• [What to work on] Each line of the records that holds "para" should be shown in full.

○ ○ ○

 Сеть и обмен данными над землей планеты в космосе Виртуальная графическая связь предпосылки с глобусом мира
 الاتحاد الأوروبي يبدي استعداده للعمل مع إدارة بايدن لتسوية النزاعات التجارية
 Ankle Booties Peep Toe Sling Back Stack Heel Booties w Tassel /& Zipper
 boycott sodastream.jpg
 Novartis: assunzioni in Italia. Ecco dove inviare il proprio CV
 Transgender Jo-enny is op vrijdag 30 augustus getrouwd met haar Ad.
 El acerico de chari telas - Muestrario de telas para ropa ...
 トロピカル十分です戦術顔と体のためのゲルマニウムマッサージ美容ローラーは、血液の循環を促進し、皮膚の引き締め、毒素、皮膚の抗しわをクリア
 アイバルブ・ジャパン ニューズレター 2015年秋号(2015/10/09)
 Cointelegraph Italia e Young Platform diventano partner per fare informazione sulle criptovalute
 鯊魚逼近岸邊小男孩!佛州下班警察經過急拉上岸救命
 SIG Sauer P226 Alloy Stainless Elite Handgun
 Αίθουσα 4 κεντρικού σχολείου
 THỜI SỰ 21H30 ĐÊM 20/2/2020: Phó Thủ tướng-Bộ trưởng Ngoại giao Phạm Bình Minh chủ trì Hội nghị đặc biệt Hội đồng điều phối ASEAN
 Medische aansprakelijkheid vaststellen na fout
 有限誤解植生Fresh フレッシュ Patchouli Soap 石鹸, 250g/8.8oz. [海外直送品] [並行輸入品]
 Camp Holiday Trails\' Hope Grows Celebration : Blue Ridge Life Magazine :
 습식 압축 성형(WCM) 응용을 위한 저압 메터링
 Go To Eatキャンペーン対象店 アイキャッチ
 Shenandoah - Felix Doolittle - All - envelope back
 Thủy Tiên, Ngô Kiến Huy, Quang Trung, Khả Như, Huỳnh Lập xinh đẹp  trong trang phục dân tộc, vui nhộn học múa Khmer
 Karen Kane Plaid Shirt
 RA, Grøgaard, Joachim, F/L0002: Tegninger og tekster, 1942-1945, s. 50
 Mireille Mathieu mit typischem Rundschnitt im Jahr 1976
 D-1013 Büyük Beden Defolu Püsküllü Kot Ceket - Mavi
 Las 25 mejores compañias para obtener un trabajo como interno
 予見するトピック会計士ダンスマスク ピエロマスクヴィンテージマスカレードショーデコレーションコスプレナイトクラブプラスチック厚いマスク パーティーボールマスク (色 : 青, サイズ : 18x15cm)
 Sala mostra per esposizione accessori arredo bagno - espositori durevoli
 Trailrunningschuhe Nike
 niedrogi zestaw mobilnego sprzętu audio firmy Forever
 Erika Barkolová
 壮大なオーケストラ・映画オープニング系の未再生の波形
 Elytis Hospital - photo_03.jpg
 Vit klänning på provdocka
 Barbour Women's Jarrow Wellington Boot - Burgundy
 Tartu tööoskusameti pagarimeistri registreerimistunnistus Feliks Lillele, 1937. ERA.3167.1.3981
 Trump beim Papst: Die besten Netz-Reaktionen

○ ○ ○

• [Output below]
 El acerico de chari telas - Muestrario de telas para ropa ...
 Las 25 mejores compañias para obtener un trabajo como interno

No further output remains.